Segment Start: Source data

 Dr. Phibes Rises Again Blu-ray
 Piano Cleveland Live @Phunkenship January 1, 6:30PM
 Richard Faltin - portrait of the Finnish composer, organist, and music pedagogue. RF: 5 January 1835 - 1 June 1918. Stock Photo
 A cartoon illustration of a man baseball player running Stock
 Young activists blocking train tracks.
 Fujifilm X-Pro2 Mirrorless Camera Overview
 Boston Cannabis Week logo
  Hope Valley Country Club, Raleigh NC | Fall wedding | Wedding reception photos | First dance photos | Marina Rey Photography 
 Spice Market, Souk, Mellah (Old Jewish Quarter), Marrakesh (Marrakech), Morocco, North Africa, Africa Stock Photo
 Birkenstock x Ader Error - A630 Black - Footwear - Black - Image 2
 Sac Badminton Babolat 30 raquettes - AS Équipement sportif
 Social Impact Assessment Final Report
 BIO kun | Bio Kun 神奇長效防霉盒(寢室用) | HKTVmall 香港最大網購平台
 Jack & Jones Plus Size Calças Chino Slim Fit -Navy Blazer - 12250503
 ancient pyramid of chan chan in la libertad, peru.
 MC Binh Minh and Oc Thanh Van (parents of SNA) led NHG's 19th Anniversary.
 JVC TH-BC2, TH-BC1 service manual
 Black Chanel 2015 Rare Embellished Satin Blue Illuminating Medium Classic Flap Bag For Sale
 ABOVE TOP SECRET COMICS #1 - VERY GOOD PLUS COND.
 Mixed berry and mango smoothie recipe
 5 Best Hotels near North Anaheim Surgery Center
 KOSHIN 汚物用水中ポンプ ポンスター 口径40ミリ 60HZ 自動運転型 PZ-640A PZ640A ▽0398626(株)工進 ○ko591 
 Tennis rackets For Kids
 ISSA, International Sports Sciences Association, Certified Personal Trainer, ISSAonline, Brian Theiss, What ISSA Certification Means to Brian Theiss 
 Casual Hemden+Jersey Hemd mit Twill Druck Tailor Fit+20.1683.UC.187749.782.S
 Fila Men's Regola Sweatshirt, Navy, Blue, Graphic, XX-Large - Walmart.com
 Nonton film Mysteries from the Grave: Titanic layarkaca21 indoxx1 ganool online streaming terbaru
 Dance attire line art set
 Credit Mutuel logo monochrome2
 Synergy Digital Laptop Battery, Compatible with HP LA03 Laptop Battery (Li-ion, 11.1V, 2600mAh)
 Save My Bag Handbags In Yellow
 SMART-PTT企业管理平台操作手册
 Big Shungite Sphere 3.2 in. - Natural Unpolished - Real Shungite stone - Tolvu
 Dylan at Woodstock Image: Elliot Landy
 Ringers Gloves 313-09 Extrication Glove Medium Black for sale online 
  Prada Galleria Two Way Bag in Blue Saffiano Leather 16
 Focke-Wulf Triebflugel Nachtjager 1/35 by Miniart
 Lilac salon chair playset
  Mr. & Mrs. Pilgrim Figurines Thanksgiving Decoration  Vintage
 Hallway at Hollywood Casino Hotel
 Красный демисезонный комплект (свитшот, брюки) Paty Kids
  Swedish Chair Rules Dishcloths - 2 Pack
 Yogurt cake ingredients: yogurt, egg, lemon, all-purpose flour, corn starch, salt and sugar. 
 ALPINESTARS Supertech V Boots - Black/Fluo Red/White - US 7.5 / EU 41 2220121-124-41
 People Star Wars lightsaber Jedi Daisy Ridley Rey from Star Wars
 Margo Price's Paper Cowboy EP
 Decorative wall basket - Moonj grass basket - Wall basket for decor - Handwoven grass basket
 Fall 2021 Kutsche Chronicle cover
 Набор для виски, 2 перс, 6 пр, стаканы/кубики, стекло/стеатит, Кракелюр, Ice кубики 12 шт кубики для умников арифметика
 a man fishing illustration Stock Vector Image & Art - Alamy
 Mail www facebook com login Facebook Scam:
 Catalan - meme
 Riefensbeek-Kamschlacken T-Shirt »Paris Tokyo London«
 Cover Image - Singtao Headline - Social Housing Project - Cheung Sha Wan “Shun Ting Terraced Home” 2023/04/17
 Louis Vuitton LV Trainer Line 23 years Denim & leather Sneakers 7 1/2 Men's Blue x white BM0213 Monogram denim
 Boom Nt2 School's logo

Segment End: Source data

The records above need copying again. Keep each word as it is.

Exercise response »
 Dr. Phibes Rises Again Blu-ray
 Piano Cleveland Live @Phunkenship January 1, 6:30PM
 Richard Faltin - portrait of the Finnish composer, organist, and music pedagogue. RF: 5 January 1835 - 1 June 1918. Stock Photo
 A cartoon illustration of a man baseball player running Stock
 Young activists blocking train tracks.
 Fujifilm X-Pro2 Mirrorless Camera Overview
 Boston Cannabis Week logo
  Hope Valley Country Club, Raleigh NC | Fall wedding | Wedding reception photos | First dance photos | Marina Rey Photography 
 Spice Market, Souk, Mellah (Old Jewish Quarter), Marrakesh (Marrakech), Morocco, North Africa, Africa Stock Photo
 Birkenstock x Ader Error - A630 Black - Footwear - Black - Image 2
 Sac Badminton Babolat 30 raquettes - AS Équipement sportif
 Social Impact Assessment Final Report
 BIO kun | Bio Kun 神奇長效防霉盒(寢室用) | HKTVmall 香港最大網購平台
 Jack & Jones Plus Size Calças Chino Slim Fit -Navy Blazer - 12250503
 ancient pyramid of chan chan in la libertad, peru.
 MC Binh Minh and Oc Thanh Van (parents of SNA) led NHG's 19th Anniversary.
 JVC TH-BC2, TH-BC1 service manual
 Black Chanel 2015 Rare Embellished Satin Blue Illuminating Medium Classic Flap Bag For Sale
 ABOVE TOP SECRET COMICS #1 - VERY GOOD PLUS COND.
 Mixed berry and mango smoothie recipe
 5 Best Hotels near North Anaheim Surgery Center
 KOSHIN 汚物用水中ポンプ ポンスター 口径40ミリ 60HZ 自動運転型 PZ-640A PZ640A ▽0398626(株)工進 ○ko591 
 Tennis rackets For Kids
 ISSA, International Sports Sciences Association, Certified Personal Trainer, ISSAonline, Brian Theiss, What ISSA Certification Means to Brian Theiss 
 Casual Hemden+Jersey Hemd mit Twill Druck Tailor Fit+20.1683.UC.187749.782.S
 Fila Men's Regola Sweatshirt, Navy, Blue, Graphic, XX-Large - Walmart.com
 Nonton film Mysteries from the Grave: Titanic layarkaca21 indoxx1 ganool online streaming terbaru
 Dance attire line art set
 Credit Mutuel logo monochrome2
 Synergy Digital Laptop Battery, Compatible with HP LA03 Laptop Battery (Li-ion, 11.1V, 2600mAh)
 Save My Bag Handbags In Yellow
 SMART-PTT企业管理平台操作手册
 Big Shungite Sphere 3.2 in. - Natural Unpolished - Real Shungite stone - Tolvu
 Dylan at Woodstock Image: Elliot Landy
 Ringers Gloves 313-09 Extrication Glove Medium Black for sale online 
  Prada Galleria Two Way Bag in Blue Saffiano Leather 16
 Focke-Wulf Triebflugel Nachtjager 1/35 by Miniart
 Lilac salon chair playset
  Mr. & Mrs. Pilgrim Figurines Thanksgiving Decoration  Vintage
 Hallway at Hollywood Casino Hotel
 Красный демисезонный комплект (свитшот, брюки) Paty Kids
  Swedish Chair Rules Dishcloths - 2 Pack
 Yogurt cake ingredients: yogurt, egg, lemon, all-purpose flour, corn starch, salt and sugar. 
 ALPINESTARS Supertech V Boots - Black/Fluo Red/White - US 7.5 / EU 41 2220121-124-41
 People Star Wars lightsaber Jedi Daisy Ridley Rey from Star Wars
 Margo Price's Paper Cowboy EP
 Decorative wall basket - Moonj grass basket - Wall basket for decor - Handwoven grass basket
 Fall 2021 Kutsche Chronicle cover
 Набор для виски, 2 перс, 6 пр, стаканы/кубики, стекло/стеатит, Кракелюр, Ice кубики 12 шт кубики для умников арифметика
 a man fishing illustration Stock Vector Image & Art - Alamy
 Mail www facebook com login Facebook Scam:
 Catalan - meme
 Riefensbeek-Kamschlacken T-Shirt »Paris Tokyo London«
 Cover Image - Singtao Headline - Social Housing Project - Cheung Sha Wan “Shun Ting Terraced Home” 2023/04/17
 Louis Vuitton LV Trainer Line 23 years Denim & leather Sneakers 7 1/2 Men's Blue x white BM0213 Monogram denim
 Boom Nt2 School's logo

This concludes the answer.